Depending on whom you ask, between a quarter- and half-million people marched through the streets of central London last weekend to protest against cuts to public services. Organized by trade unions but attended by people of all backgrounds -- mothers against the closing of childcare centers, students protesting hikes in education fees, pensioners dismayed at the elimination of senior centers and health services -- the demonstration was the largest in the U.K. since a 2003 march against the Iraq War, and one of the largest in British history.
For an American observer, it was an impressive showing that made it hard not to wonder why the only movement with any steam in the U.S. these days is the Tea Party. Why is it that our economic crisis has prompted people to beg for more public sector cuts instead of fewer, for more austerity instead of less? Is a movement against the continued ravaging of state services even possible here?
Of course, there are important political differences between the countries. Because the U.K.'s cuts came as part of a national package of reform, voters had a focus for their ire, as opposed to the U.S., where cuts are scattered across local, state and federal governments. And, of course, it’s easier to organize a nationwide movement in a country that’s geographically smaller than many American states.
Moreover, many British voters felt they'd been the victims of a bait-and-switch in the last election. After declaring themselves no longer the "nasty party" in the run-up to the 2010 election, the Conservatives' rush to cut public services while turning a blind eye to corporate tax evasion rekindled the old stereotype of aristocratic Tories out to maintain their posh lifestyles at the expense of the working and middle classes. Plus, the decision of Liberal Democrat leader Nick Clegg, who is part of the governing coalition, to break his pre-election pledge to oppose tuition increases prompted outrage among many of his young supporters.
Other differences are more ideological. Americans have largely swallowed the low-taxes-lead-to-growth mantra that has yet to become dogma in Britain, and are still too caught up in the myth of the individual to accept the idea that we have a collective responsibility to fund the services we depend on. Brits, on the other hand, are more conscious of class divisions and social mobility, less convinced that they'll become millionaires someday and more wary of the power of actual millionaires.
Perhaps most important, we don't really expect as much from government as the British do. Whereas the tripling of student fees has proven a powerful mobilizing force in the U.K., cuts to public university funding in the U.S. have prompted dismay but have largely been met with resignation. Going into debt to finance one's higher education is more or less expected here. And unlike the U.K., we don’t have a national health system that provides everyone with low-cost care to whittle back. Indeed, in a neat reversal of the Tea Party’s socialist fear-mongering, British activists have held up America as a cautionary tale of unchecked capitalism, warning that reductions in public sector programs like the National Health Service and childcare programs will make the U.K. a more violent, distrusting, unequal society.
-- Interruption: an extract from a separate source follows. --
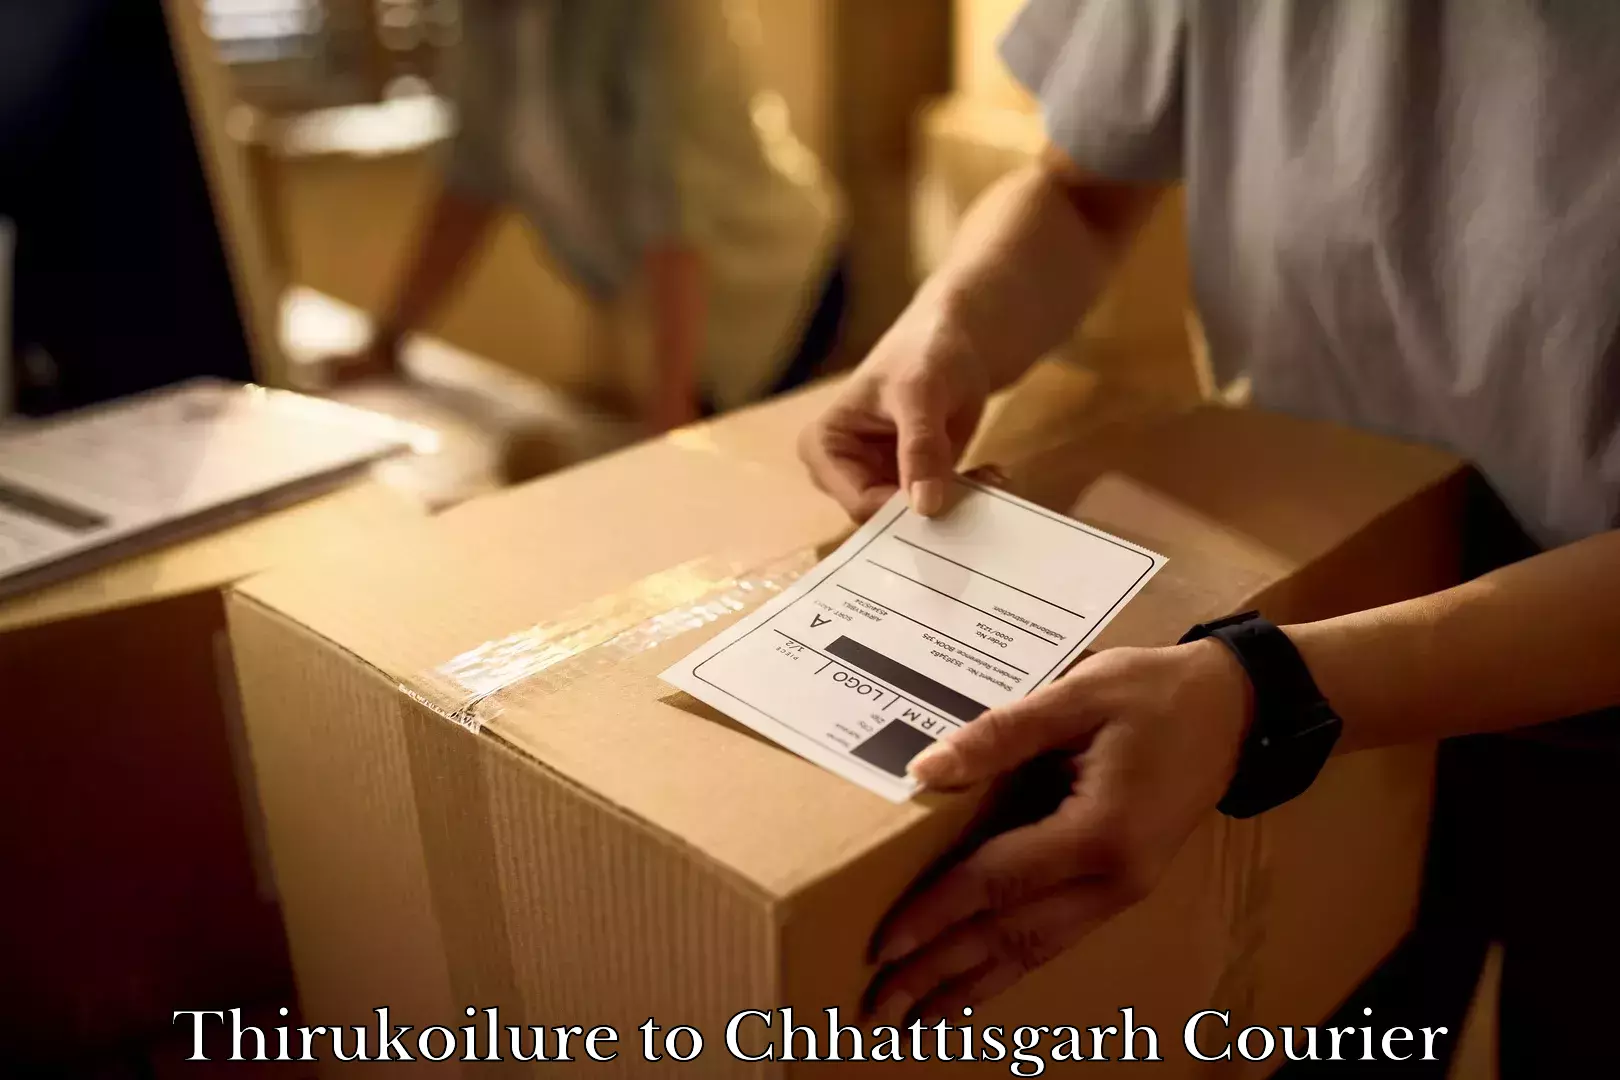 Home shifting experts Thirukoilure to Raigarh Chhattisgarh
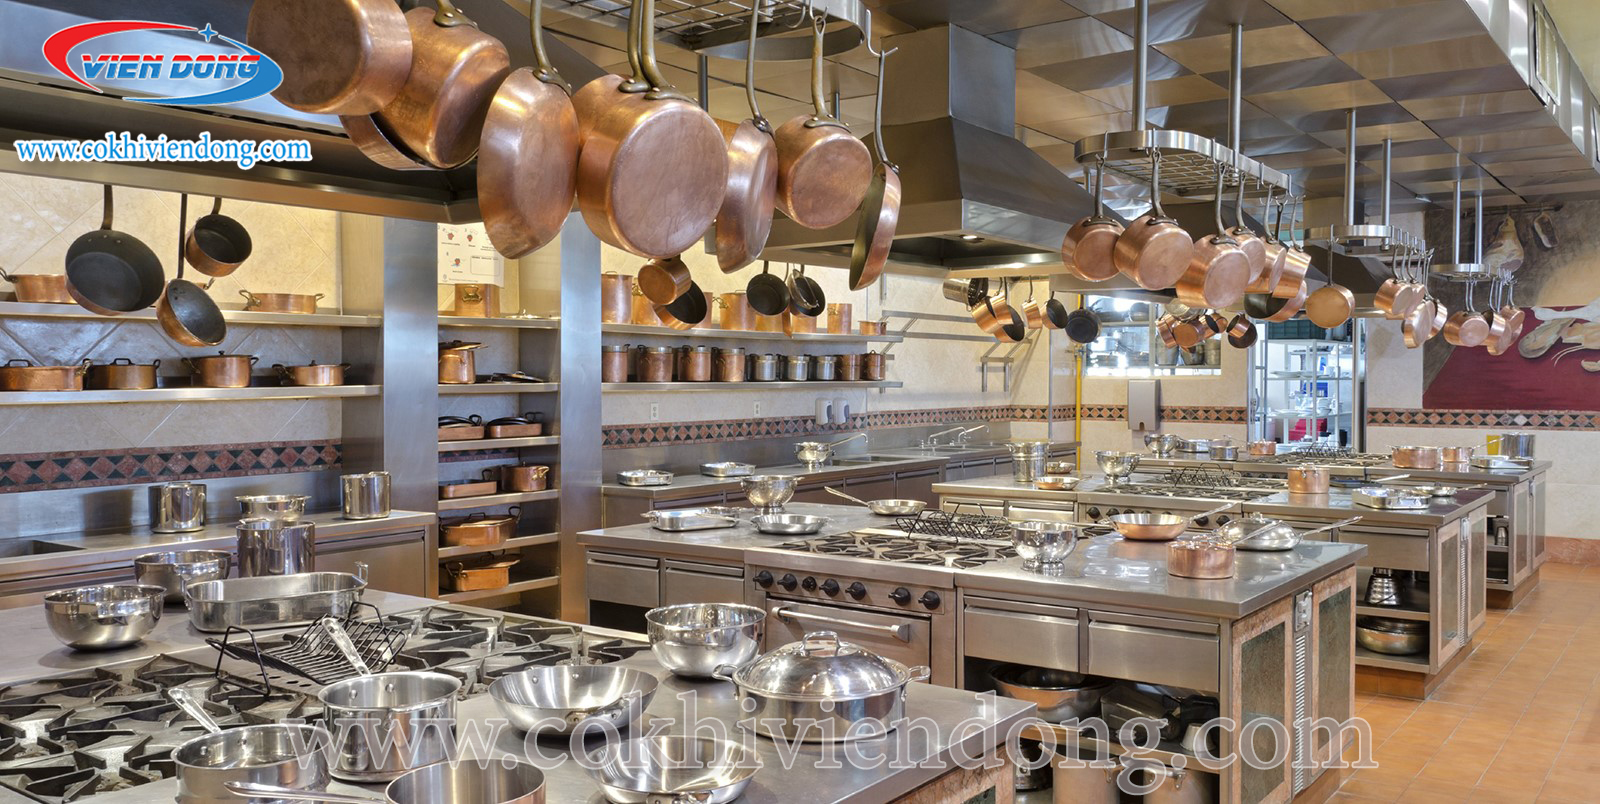 Những hình ảnh về Setup bếp nhà hàng sẽ khiến bạn ngỡ ngàng trước sự thông minh của các thiết bị nướng, rán hiện đại, giúp bạn tiết kiệm được thời gian và công sức trong nấu nướng.

No wonder that instead of marching on the Mall, we've just started paying out of our own pockets for what were once public services. It's no secret that the U.S. is more right-wing than the U.K., but Americans really are a Tory dream come true: While Cameron's vision of a "Big Society" in which citizens volunteer to run post offices and staff libraries has been roundly criticized in the U.K., Americans have adopted a Big Society mentality all on our own, volunteering to fill in for teachers and police officers in the face of funding cuts. It'd be nice to see this simply as evidence that the good old American can-do spirit is alive and well, but it’s hard not to feel we've given up much too easily, accepting too quickly that there really is no other option.
That said, there are hints of a nascent anti-austerity movement -- a left-wing response to the Tea Party -- in the U.S. The struggle over public employees' collective bargaining rights in Wisconsin sparked a massive nationwide response. Last week, teachers and parents in New York City protested school budget cuts, and on Saturday, several thousand union members marched in Los Angeles in solidarity with Wisconsin workers. Albany is now bracing for a "Wisconsin-style" protest as New York legislators begin deliberations over the state budget.
There are even branches of UK Uncut, the activist group formed to oppose the British government's austerity measures, now emerging in the U.S. In a day of direct-action protests organized in conjunction with last weekend's London march, US Uncut groups in Washington, D.C., and San Francisco peacefully shut down Bank of America branches to protest the bank's avoidance of federal income tax.
For all the differences between the U.S. and the U.K., the similarities are more acute. We're facing the same kinds of reductions in vital public services and watching the most vulnerable take it on the chin so that corporations and wealthy individuals can pay less in taxes. And while we’re not likely to see hundreds of thousands march on the Mall against austerity measures any time soon, we may well be witnessing the development of a grass-roots network of state- and city-level organizations dedicated to fighting back against the idea that there's only one way to solve a budget deficit.